With trembling hand he shot the first of his magic shafts: it grazed a wing. The second came closer, and cut away a few of the bright red feathers, which fluttered and fell like flakes of fire in the water. The third, which he carefully aimed and drew home upon the string with all his force, made the lucky hit, and passed through the neck of the bird a little above the breast.

"The bird is mine," said Maidwa, to himself; but to his great surprise, instead of seeing it droop its neck and drift to the shore, the Red Swan flapped its wings, rose slowly, and flew off with a majestic motion toward the falling sun.
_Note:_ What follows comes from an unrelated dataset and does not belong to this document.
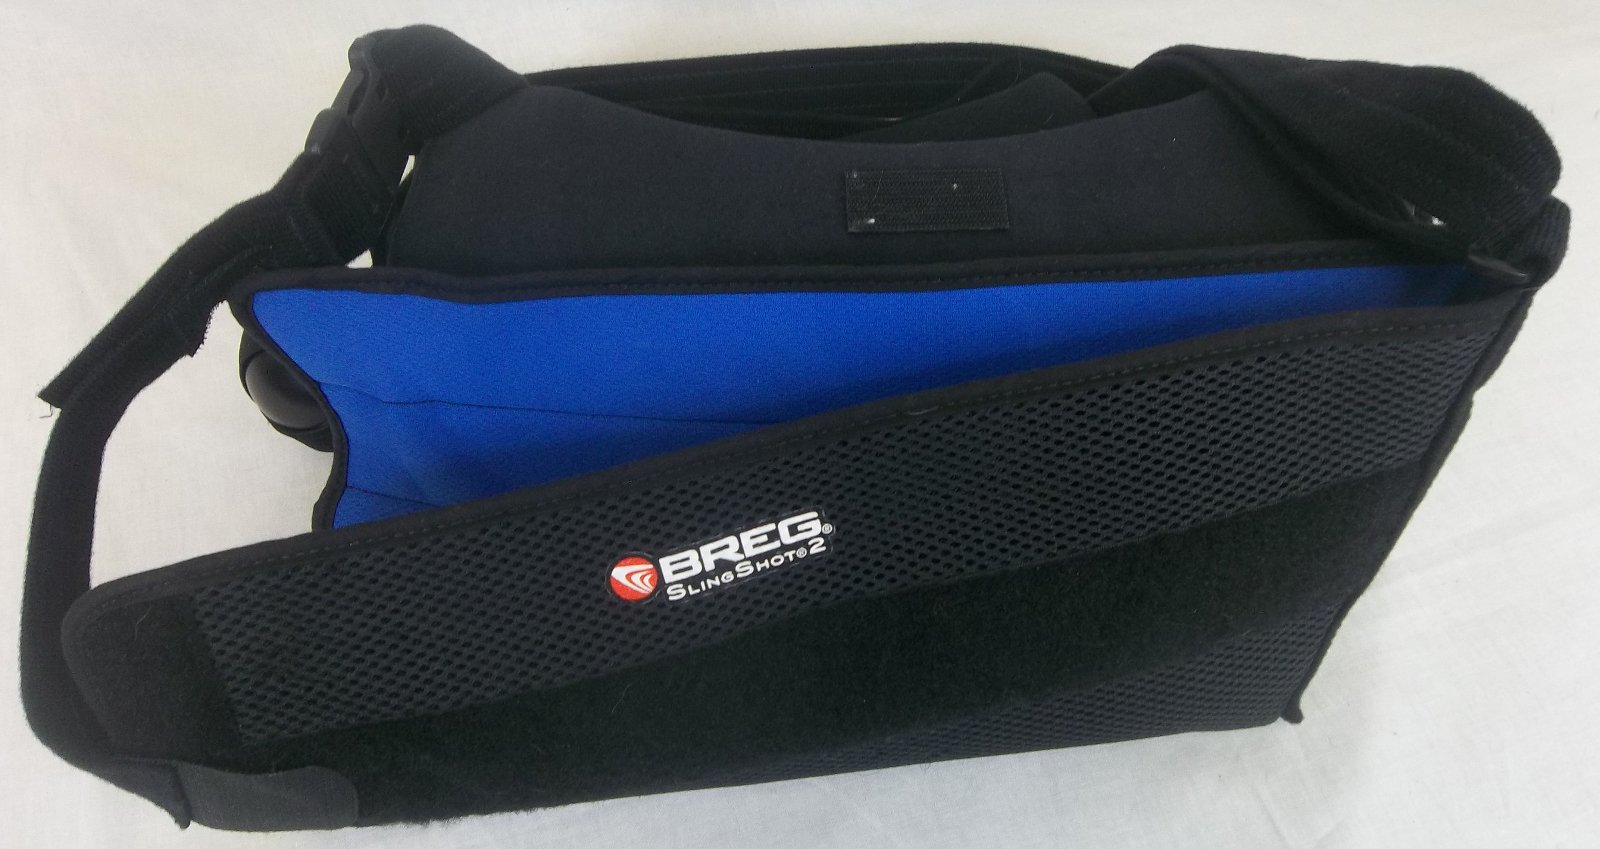 Breg SlingShot 2 Shoulder Brace (Medium) by Breg Braces

Maidwa, that he might meet his brothers, rescued two of the magic arrows from the water; and although the third was borne off, he had a hope yet to recover that too, and to be master of the swan. He was noted for his speed; for he would shoot an arrow and then run so fast that the arrow always fell behind him; and he now set off at his best speed of foot. "I can run fast," he thought, "and I can get up with the swan some time or other."

He sped on, over hills and prairies, toward the west, and was only going to take one more run, and then seek a place to sleep for the night, when, suddenly, he heard noises at a distance, like the murmur of waters against the shore; as he went on, he heard voices, and presently he saw people, some of whom were busy felling trees, and the strokes of their labor echoed through the woods.